The Australian National University
The ANU China Institute
document location: http://chinainstitute.anu.edu.au/events/conferences.php
Conferences
Past Conferences
China’s Rural Development: Gender Politics, Social Equity and Citizenship
August 14-15, 2009
The Australian National University, Canberra

Registration now closed.

Rural China is experiencing rapid and far reaching changes precipitated by global, national and local development interventions. While not downgrading the pursuit of aggregate economic growth, in 2003 Hu Jintao and Wen Jiabao committed their regime to a socially just, 'people centred', sustainable rural development paradigm that hinged on upgrading physical and social infrastructure, commercialization of agriculture and urbanization. More recently, in response to global financial crisis and recession, the leadership has proposed to sustain the country’s economy and forestall social instability with a 4 trillion yuan stimulus package intended to boost consumption and provide employment to a growing population of laid-off migrant workers and landless farmers. The World Bank and China's National Development and Reform Commission and Ministry of Agriculture have cautioned that an even larger investment is needed to fund ecologically viable energy generation, social and medical insurance and education in the countryside. In addition, critics of China's rural development paradigm warn that it is exacerbating, rather than ameliorating, rural-urban, regional and social disparities.

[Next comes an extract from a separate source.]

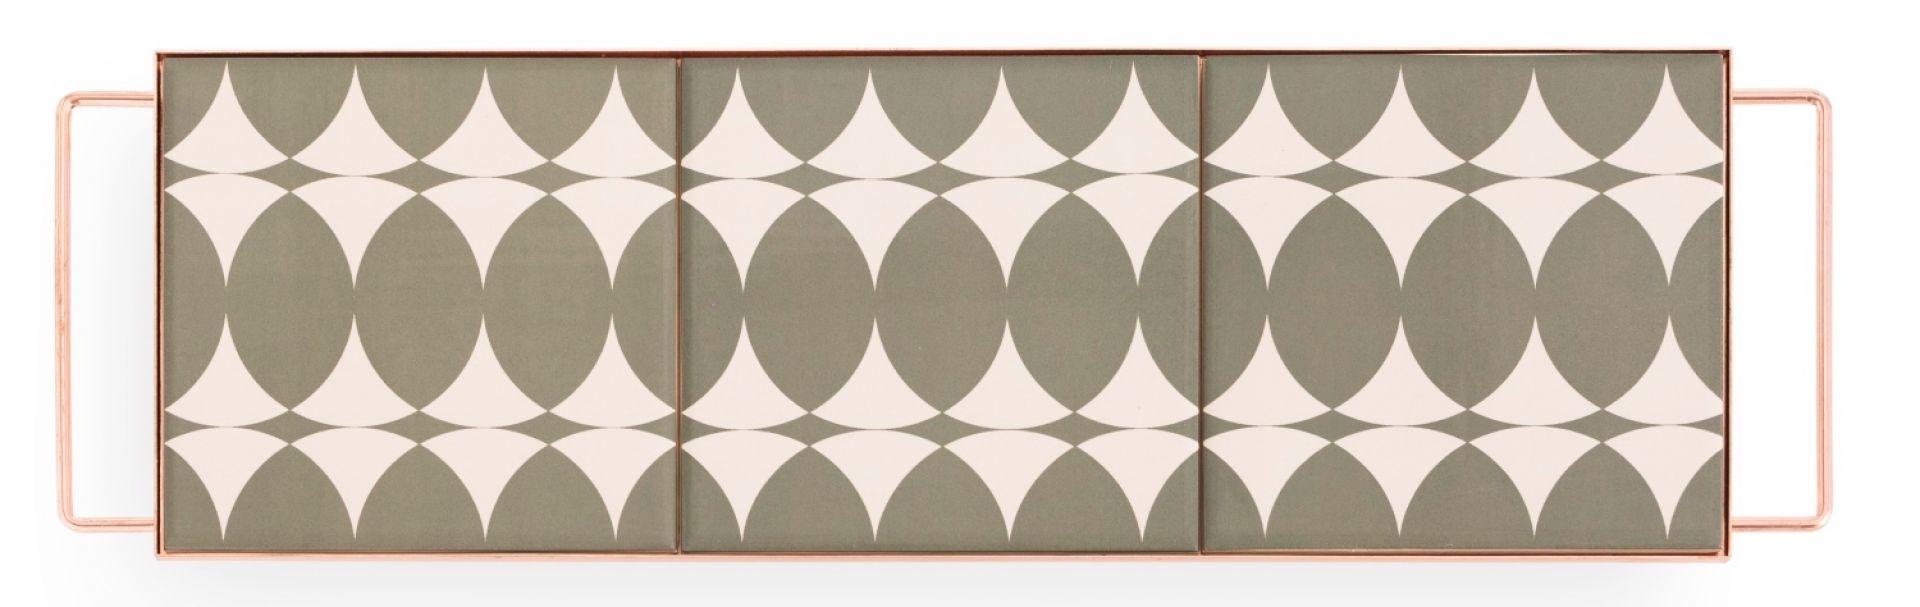 Mix & Match Tablett GAN 45x15-grau
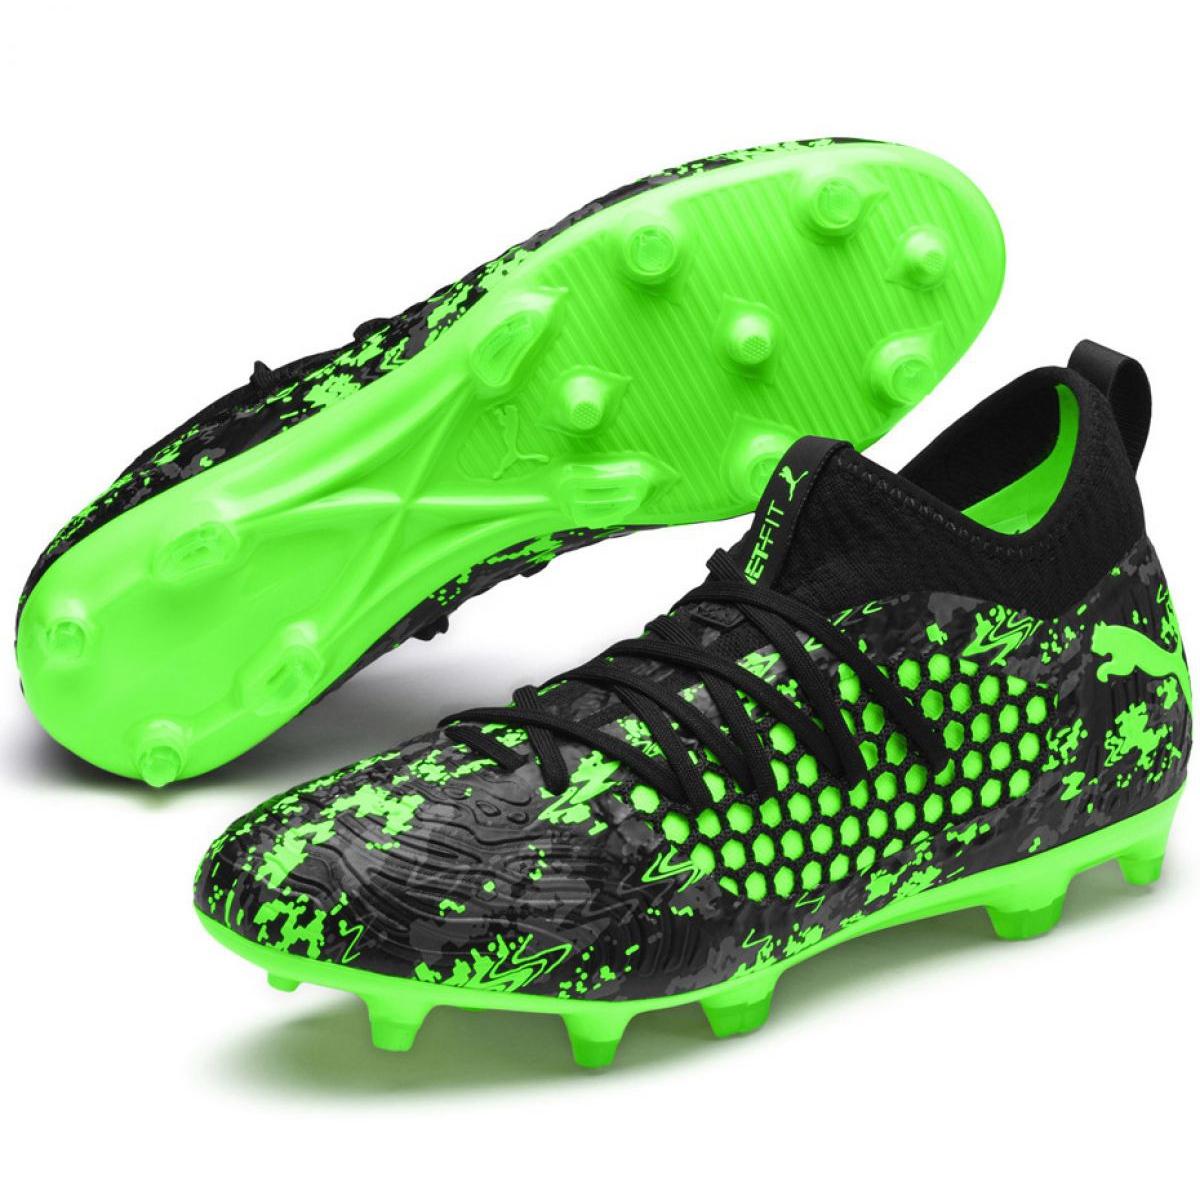 Détails sur Chaussures de football Puma Future 19.3 Netfit Fg Ag M 105539 04 noir, vert noir

This conference will address why gender gaps in rural political representation, income, employment, health and welfare have not closed, and indeed continue to increase, despite decades of rural development interventions and women’s growing presence as participants in, and objects of that development. It will also consider how gender politics shape the concepts, processes and practices linking China’s rural development paradigm and growth model, and how rural development and growth, in turn, alter gender politics, social equity and citizenship in China’s countryside.